You can't make this stuff up: Hurricane crashes Grand Old Party's convention
“And Moses said to the people, Do not be afraid, for God has come in order to test you, and so that His fear may be on your faces, that you may not sin.” (Exo 20:20)
The first time it was suggested to me that it was entirely possible a tropical storm could nail the city of Tampa, Florida during the Republican National Convention, I laughed and said, “God admonishes us to hate evil, but even God wouldn’t pull such a cruel trick.”
Weeks later, here we are.
At the time of this writing, the storm is named Isaac and is about 100 miles off the coast at the mouth of the Mississippi River. And although Tampa was largely spared save for some crippling rain, the damage was done at the GOP convention, where late starts, cancellations and an overall feeling of “what did we do to deserve this?” prevailed well into the opening day ceremonies.
The party faithful played the role of Job as God sent test after test, waiting to see if they would finally crack and admit this was what they get for treating poor people so badly.
Think about this for a moment:
The Republican Party says they have a plan for the future of America, but they planned their own nominating convention on the Gulf Coast of Florida during the peak of hurricane season.
You really can’t make this stuff up.
Here are a few more head-slapping facts about the 2012 GOP convention:
The theme of the convention is “We built this,” which is a not-so-clever play on an always out-of-context quote by President Obama.

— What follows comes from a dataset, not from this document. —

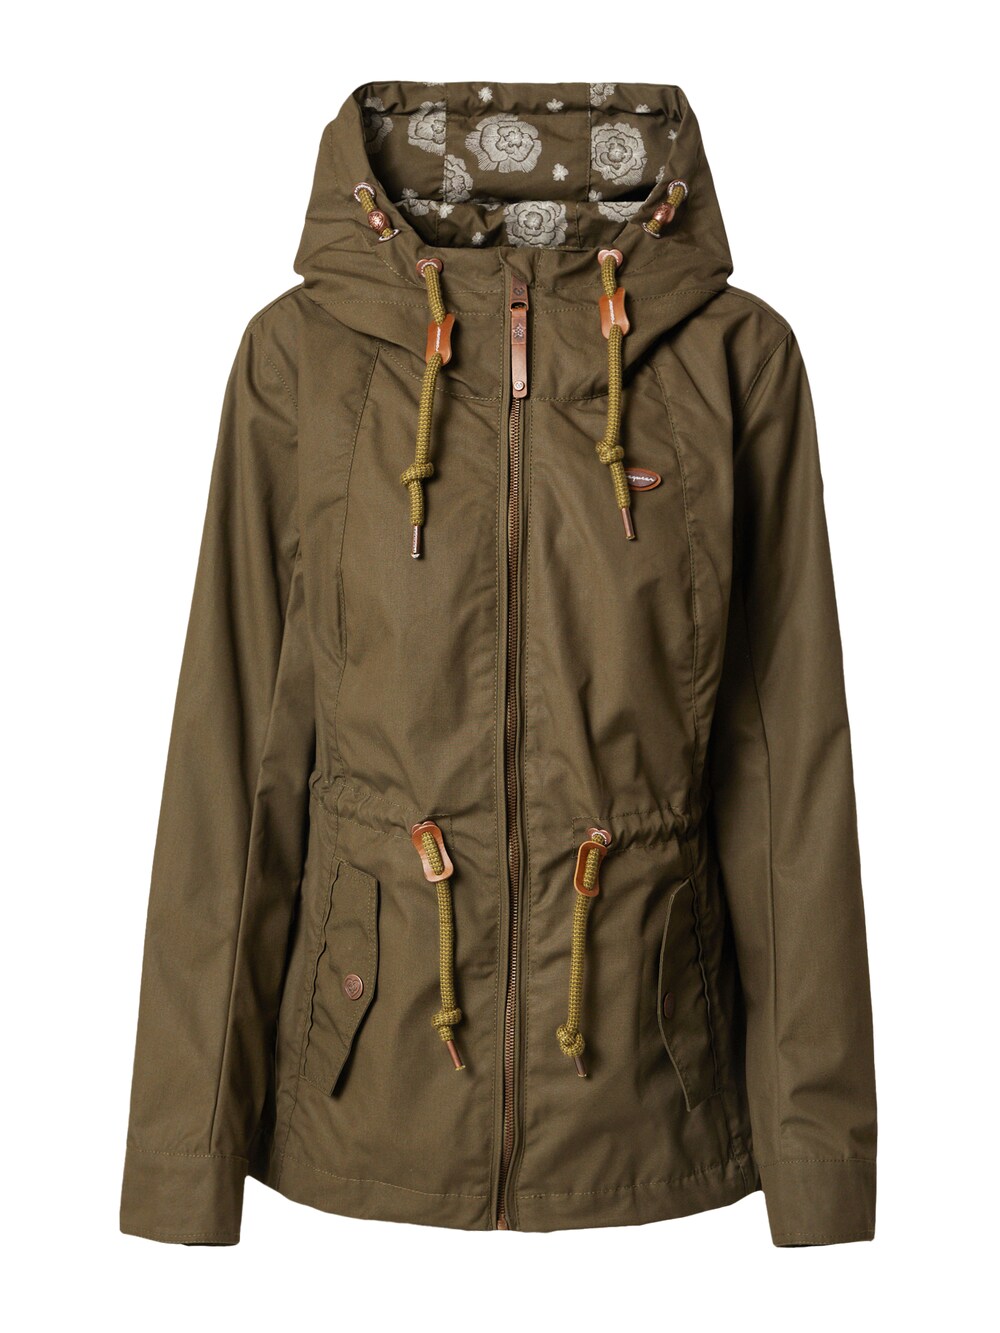 Межсезонная куртка Ragwear MONADIS, оливковый межсезонная куртка ragwear margge оливковый

The convention is being held in the Tampa Bay Times Forum, a hockey arena built in the mid-1990′s with mostly public money.
So, no, you didn’t build that.
Louisiana Gov. Bobby Jindal was scheduled to address the convention, but since Isaac has turned toward New Orleans, Jindal has decided to stay home to govern. According to a report on ABC’s Good Morning America, President Obama gave Jindal a call on Monday to let him know his request for a “pre-landfall” federal disaster declaration had been approved. The declaration opens the federal spigot and soaks the state in federal recovery dollars.
Gov. Jindal said, “”We are going to need help after the storm as well. This is not going to be done just after the storm makes landfall or even just after the storm leaves Louisiana.”
That is the same Governor Jindal who refused to take federal money for emergency unemployment benefit extensions and who refuses to take federal money to implement the Affordable Care Act. But those ‘recovery’ dollars spend just fine, thank you very much.
Here in Louisville, my Republican friends are largely quiet on these issues, especially on the location of the convention. They won’t say much about Mitt’s compulsiveness to bear false witness against his neighbor, either. One of my buddies did admit Jindal was leading a state that only exists because of federal money. “He’s [Bobby Jindal] not my favorite person,” he tells me. “He talks out of both sides of his mouth with regard to the federal spending.”
So as of January 1, 2012, there has not been a bigger boondoggle than this convention.
But there’s always the Democratic National Convention next week in Charlotte, North Carolina.
And there’s another tropical depression on the horizon. Just in time.